The members followed the progress of the review carried out by TFG International to examine the Department's strategies for purchasing public and private hospital services for entitled veterans, war widows/widowers and dependants.

Specialist fees

Members were kept informed of the progress of discussions between the Department, the Australian Medical Association, specialists and Local Medical Officers concerning contractual arrangements.

Rehabilitation Appliances Program

The members continued to monitor the review of the Department's Rehabilitation Appliances Program, which commenced in 2001.

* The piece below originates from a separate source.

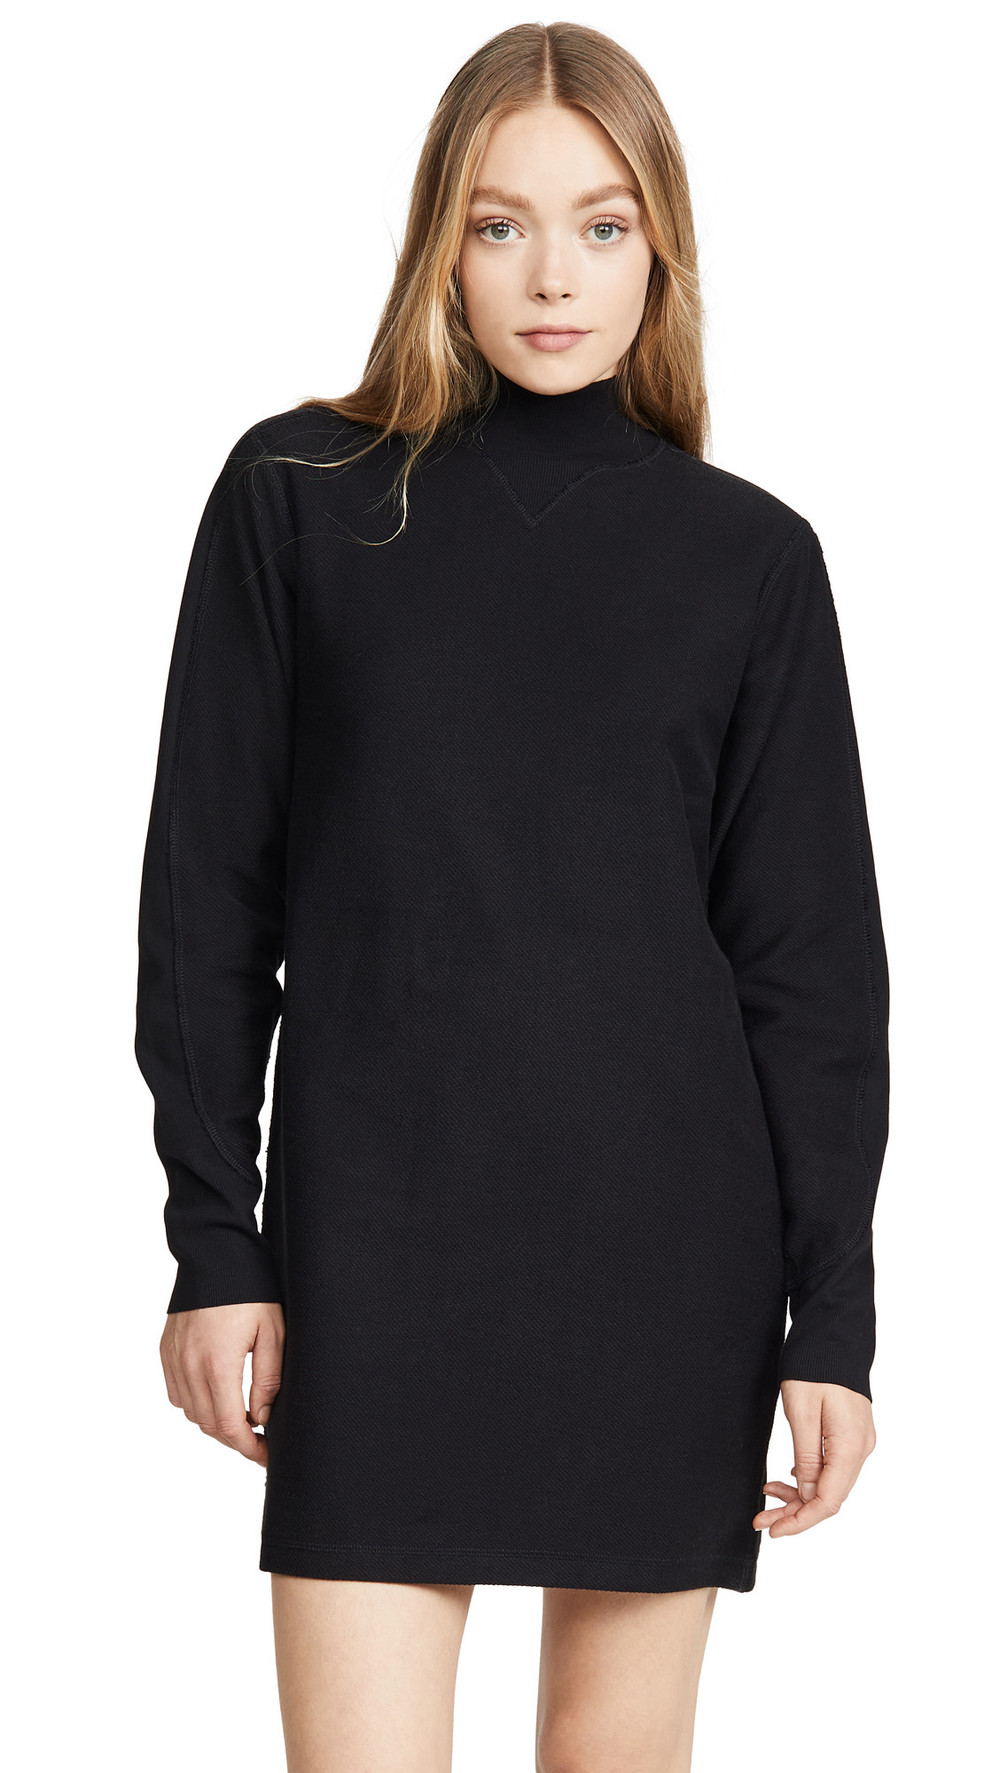 Rag & Bone/JEAN Utility Turtleneck Dress in black

Discharge Planning Resource Kit

Discharge planning continues to be an important subject to NATMOC and the members supported the review of the Department's Discharge Planning Resource Kit and veteran brochure. The new version of the kit clearly explains the process for organising services upon discharge and reflects the current trends and practices in discharge planning. The kit was distributed to all public and private hospitals and day procedure centres in June 2003.

Health studies

Members were kept up-to-date on the progress of the following studies:

  • Korean War veterans mortality and cancer incidence studies and general health and psychiatric disease survey;

  • Study of Health Outcomes of Aircraft Maintenance Personnel;

  • Australian participants in the British nuclear tests program — cancer incidence and mortality study;

  • Gulf War Veterans Health Study; and

  • Third Vietnam Veterans' Mortality Study.

National Ex-service Round Table on Aged Care

Members continue to have a particular interest in aged care issues addressed by the National Ex-service Round Table on Aged Care. Special needs status was granted to the veteran community through the Department of Health and Ageing and has been closely monitored.